Last semester in the Chronicle of Higher Education there was an article that asked, "Can The Lecture Be Saved?" This semester in the midst of shuttered campuses there has been far fewer traditional lectures. By "traditional" I mean the long ones you might have sat through in a 90-minute class or the dreaded 3-hour graduate class.
In general, I think lecture times have decreased in the past 20 years. Building online courses during those years, I have always strongly encouraged faculty to chunk their traditional lectures into shorter mini-lectures. Student attention spans have decreased, perhaps partially because they are used to videos online from YouTube stars to Khan Academy being 20 minutes or less.
Faculty have also been told that lecturing is bad. Educators have gone through "flipping the classroom" and “active learning” and have been told that they should not be the "sage on the stage" but rather the "guide on the side." Still, a lecture can transmit the knowledge level that even Bloom knew was necessary for learning. He believed that knowledge “involves the recall of specifics and universals, the recall of methods and processes, or the recall of a pattern, structure, or setting.” A lecture is one way to deliver that.
That Chronicle article says that faculty should not feel guilty about doing some lecturing., but the secret is to make it interactive. Part of that means that instructors break up their lectures with other activities that reinforce what students learn through the lecture, and also encourage them to apply it. A term used is "interactive lecturing."
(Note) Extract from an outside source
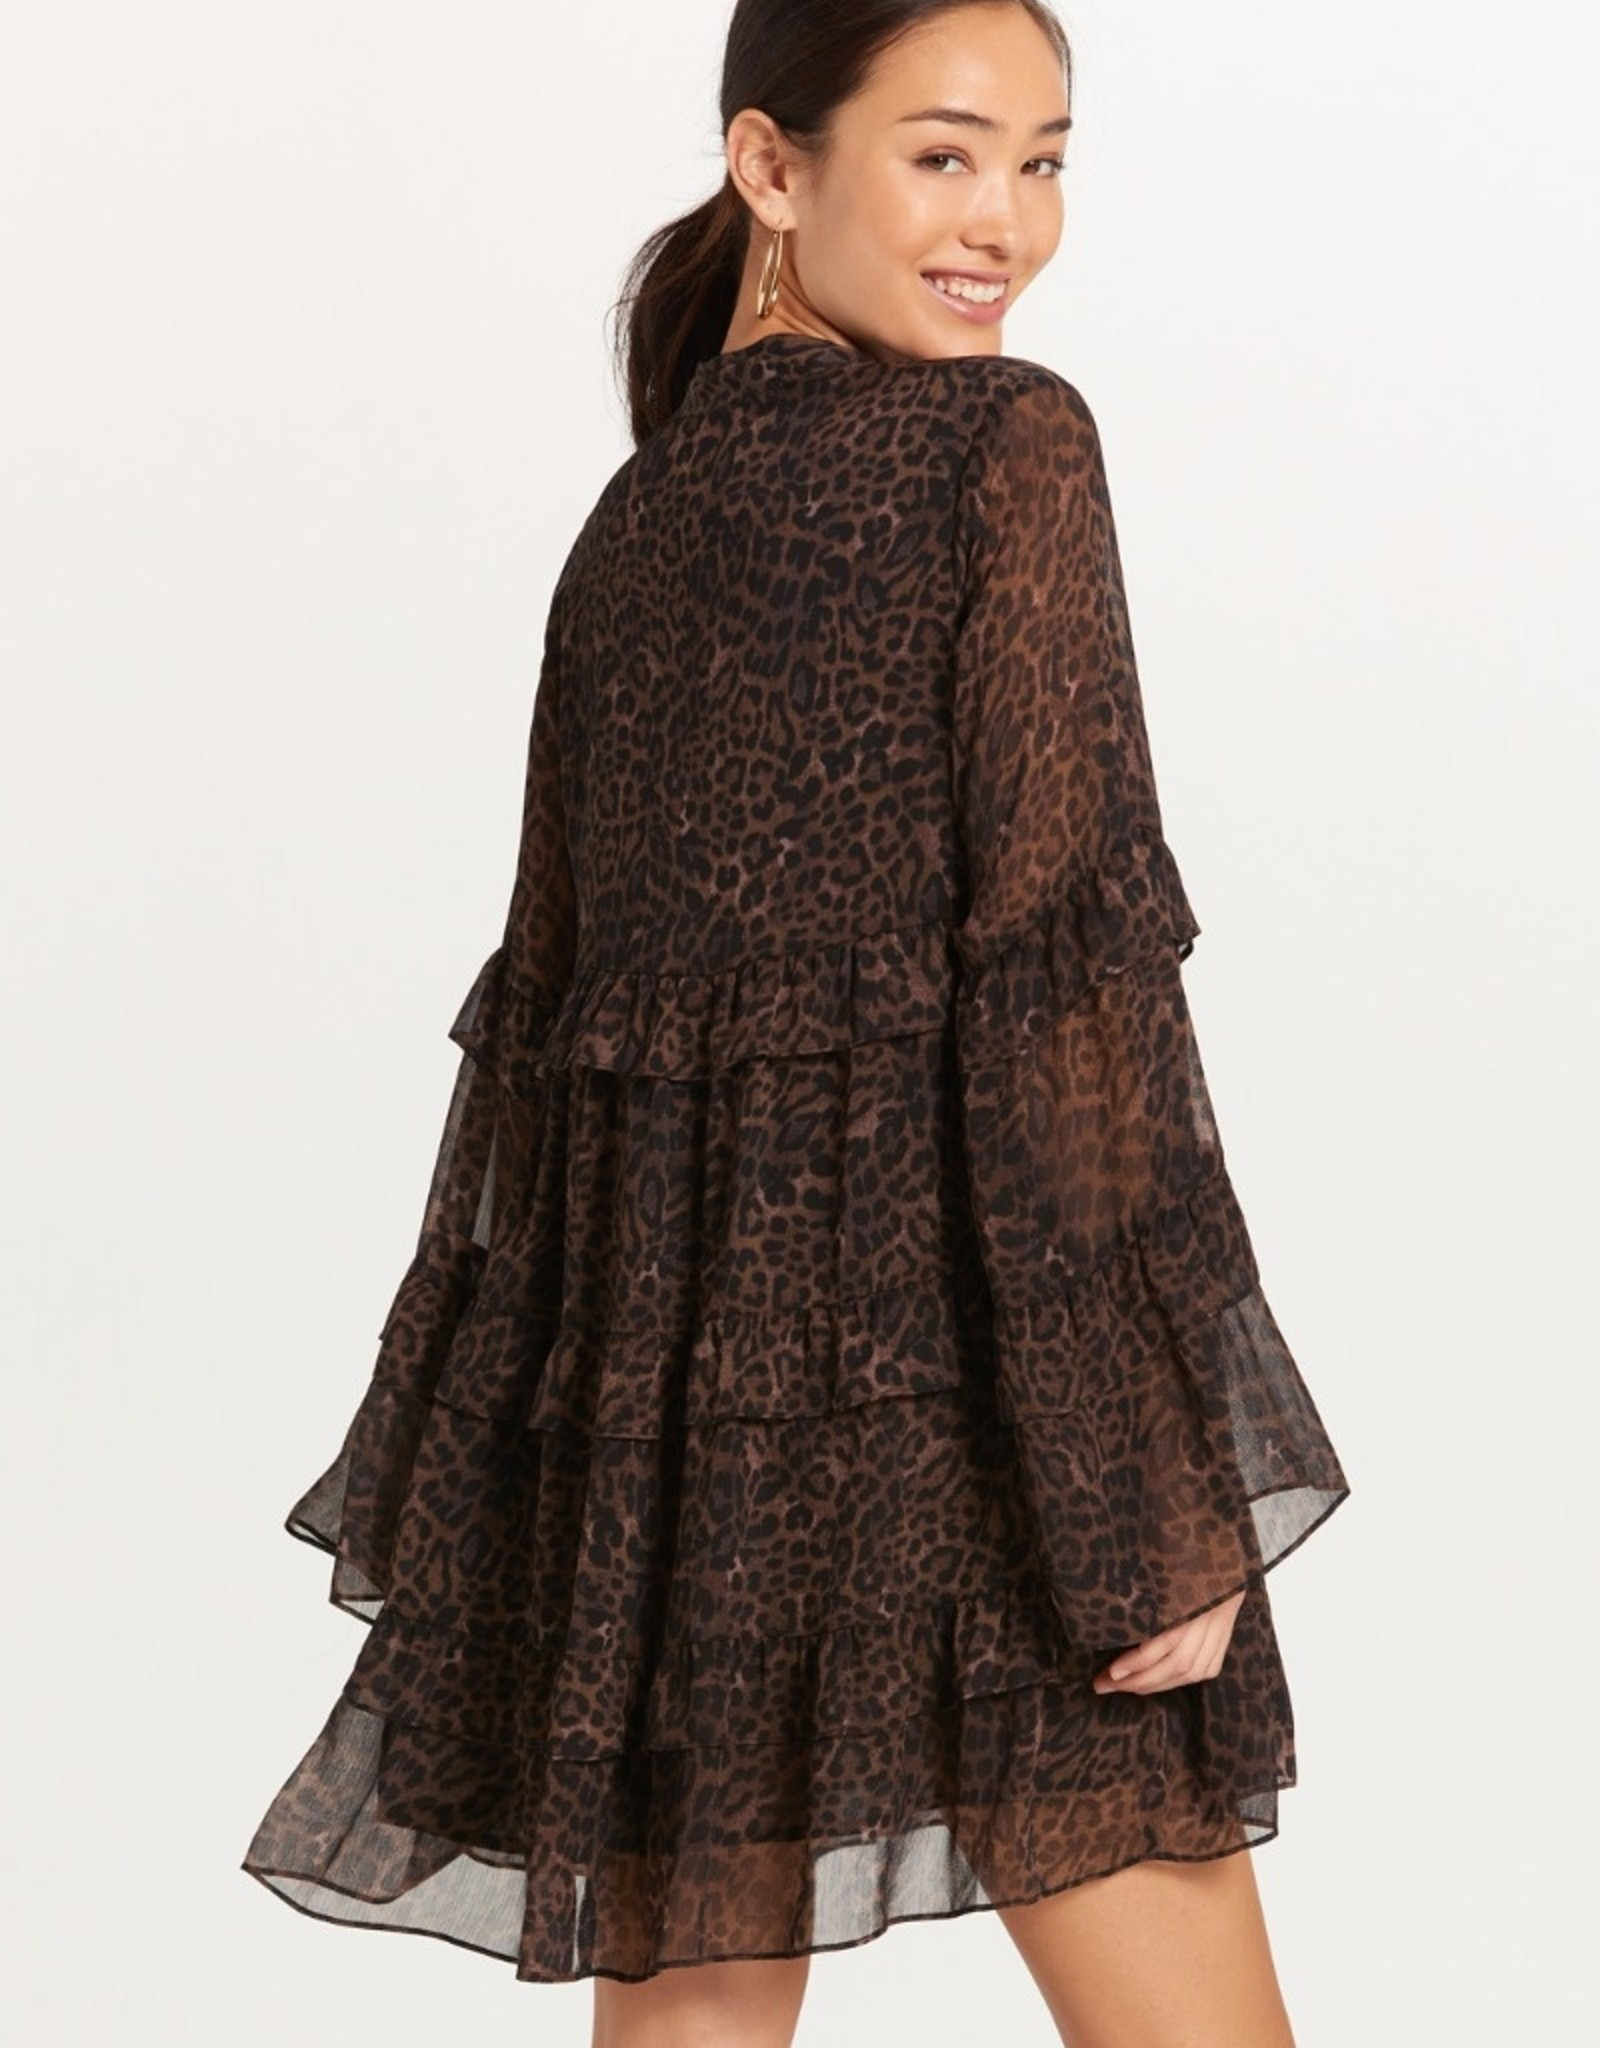 olivaceous Dark Leopard Flute Sleeve Tiered Dress BROWN/BLACK
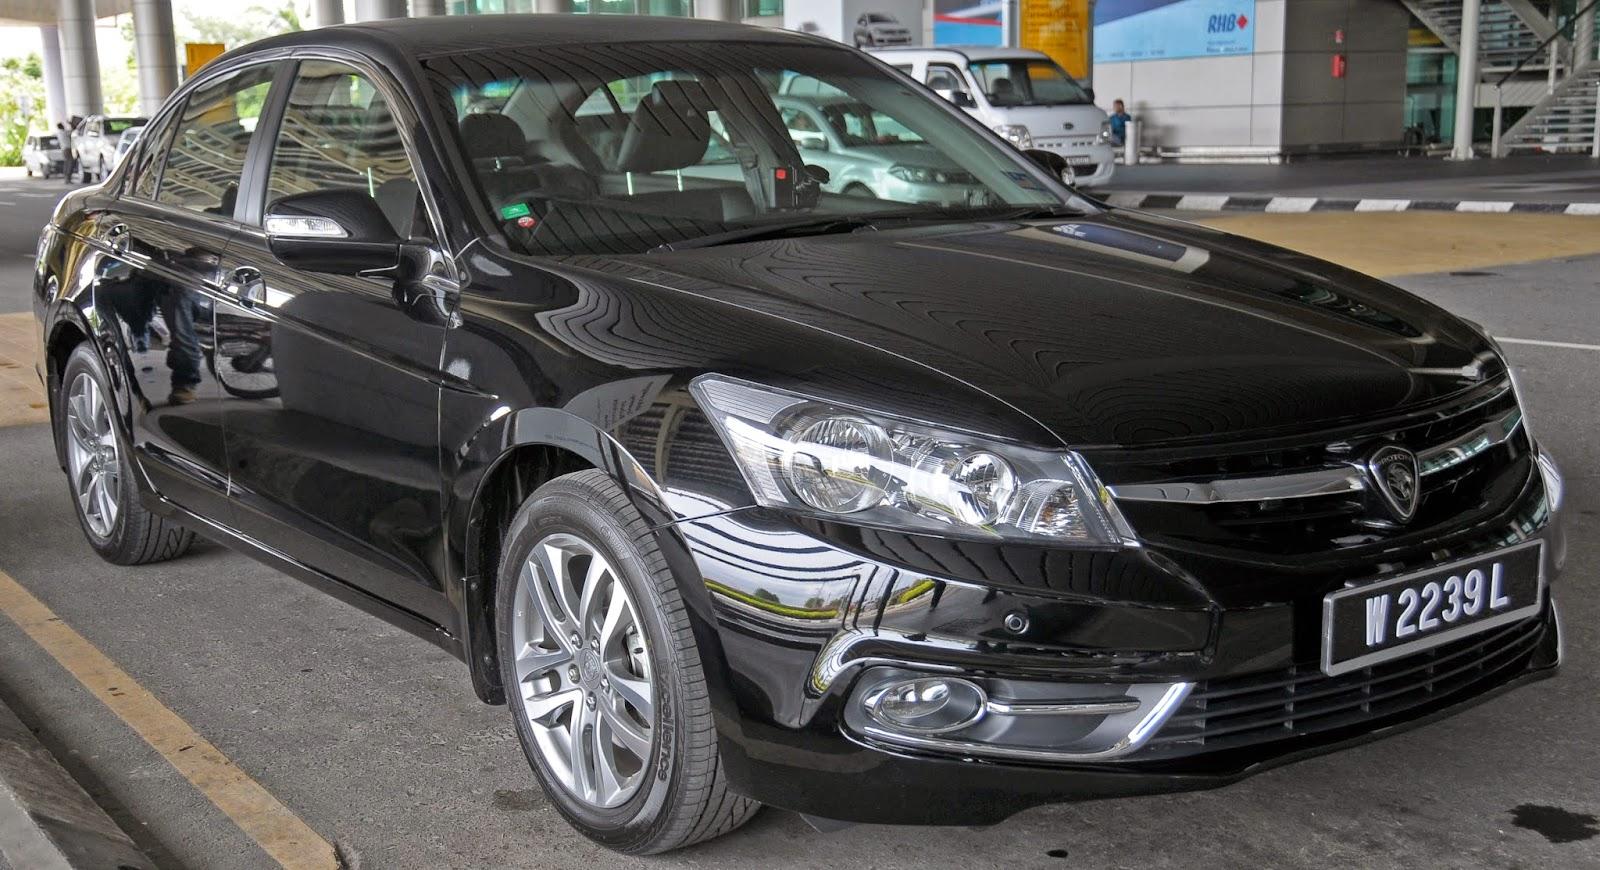 The 2014 Proton Perdana, a rebadged eighth generation Honda Accord.

In my discussions the past two months with teachers in high schools and colleges, the sense I get is that their online classes are very much not lecture-based. When they do present content via video (and for some just audio) it is shorter than a "lecture" and less formal.
The article focuses on how Claire Major, a professor of higher education administration at the University of Alabama, arrived at her own teaching style. Some of what she recommends is on this interactive lecturing quick reference chart (pdf).
The structure she tries to use for each class is a good, simple instructional design to consider online or in a physical classroom.
She includes "bookends" to begin and end class. I liked using a 5-minute writing task at the very start of class (sometimes as students entered the room). I learned this many years ago as the "anticipatory set" of the lesson. It might be a question to gauge their knowledge of one of the session's topics or it could be to be at Bloom's comprehension level by asking them to explain, summarize, paraphrase, illustrate to any other action to show that they can comprehend or interpret information based on prior learning.
Major's "overlays" are used to encourage students to pay attention during the lecture portion of the class. Like her, I sometimes used cloze activities (AKA guided notes) that could be completed by listening to the lecture. I knew them from my K12 teaching and brought them to a number of college teachers as a way to check comprehension as a self-check for students or for me to check their comprehension.
Similarly, her "interleaves" are activities during class to help students apply what they just learned. The "think-pair-share" exercise is hardly new to most teachers. Hands-on activities and group work easier in a physical classroom than online. But online you need to structure activities to be completed by students before allowing them to continue with a lesson. Most learning management systems and some screen capture and video programs have tools to include checks for comprehension points in a lesson.
Should the lecture be saved? Yes, saved for when necessary, and redefined.